В Советском Союзе не было аддерола (сборник) - Ольга Брейнингер
- Категория: Проза / Русская современная проза
- Название: В Советском Союзе не было аддерола (сборник)
- Автор: Ольга Брейнингер
- Возрастные ограничения: (18+) Внимание! Аудиокнига может содержать контент только для совершеннолетних. Для несовершеннолетних просмотр данного контента СТРОГО ЗАПРЕЩЕН! Если в книге присутствует наличие пропаганды ЛГБТ и другого, запрещенного контента - просьба написать на почту для удаления материала.
Шрифт:
Интервал:
Закладка:
Ольга Брейнингер
В Советском Союзе не было аддерола (сборник)
© Брейнингер О.А.
© ООО «Издательство АСТ»
В Советском Союзе не было аддерола
Часть 1
Советский Союз, которого уже никогда не будет, и города́, о которых все забыли
Глава первая, в которой я приезжаю в Чикаго на ежегодную конференцию Международной ассоциации славистов и по дороге рассказываю о том, как стала объектом «эксперимента века»

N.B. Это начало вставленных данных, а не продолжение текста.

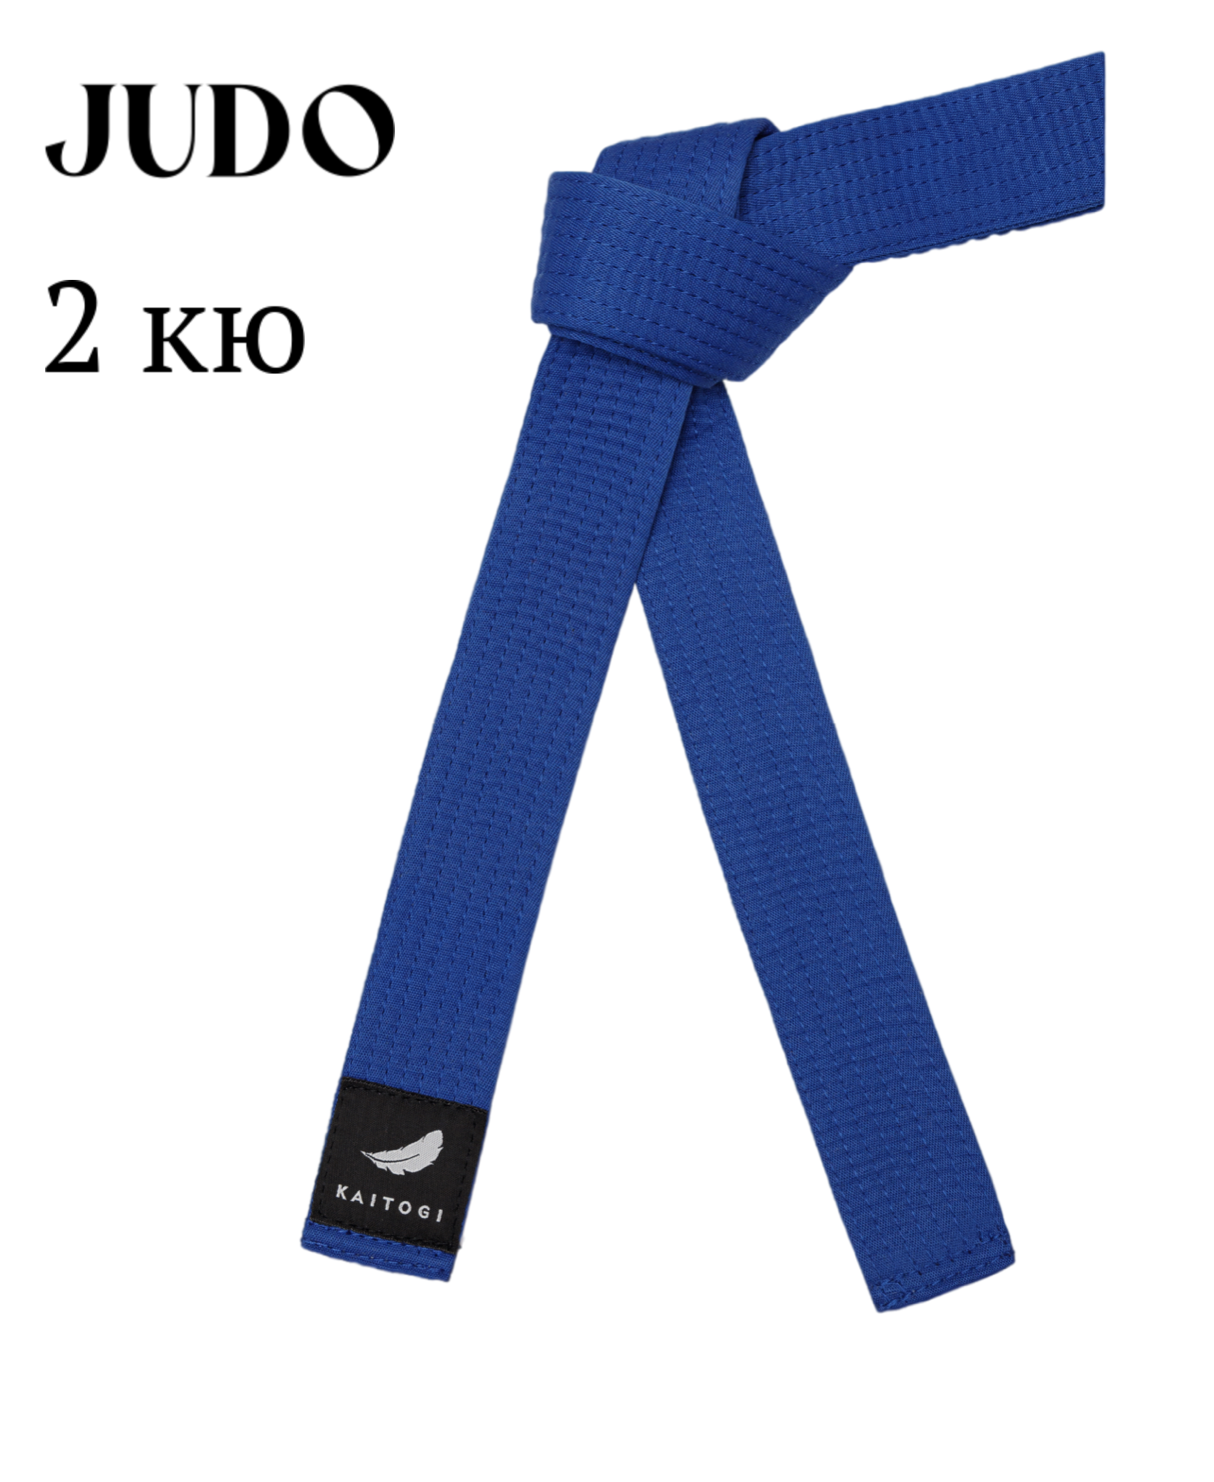 Пояс KAITOGI для дзюдо 2 кю синий 210 см

Первую главу «Гламорамы» Эллиса никому не повторить. Пять, целых пять страниц о том, как разъяренный Виктор отчитывает всех за крапинки на стене, крапинки, которых никто, кроме него, не видит, и поминутно называет всех «детка», и от раздражения из-за самой ситуации и этого слова теряешь перспективу и ненавидишь и Виктора, и Эллиса, и саму книгу так, что когда доходит до настоящего – терроризма, иллюзий, взрывающихся тел, предупреждений, гротескной картины того, чем мы все стали, – обезоруженный, отбрасываешь книгу и признаешь полное (дьявол!) поражение. Виктор Вард и его чертовы крапинки обвели тебя вокруг пальца, словно вчерашнего читателя азбуки.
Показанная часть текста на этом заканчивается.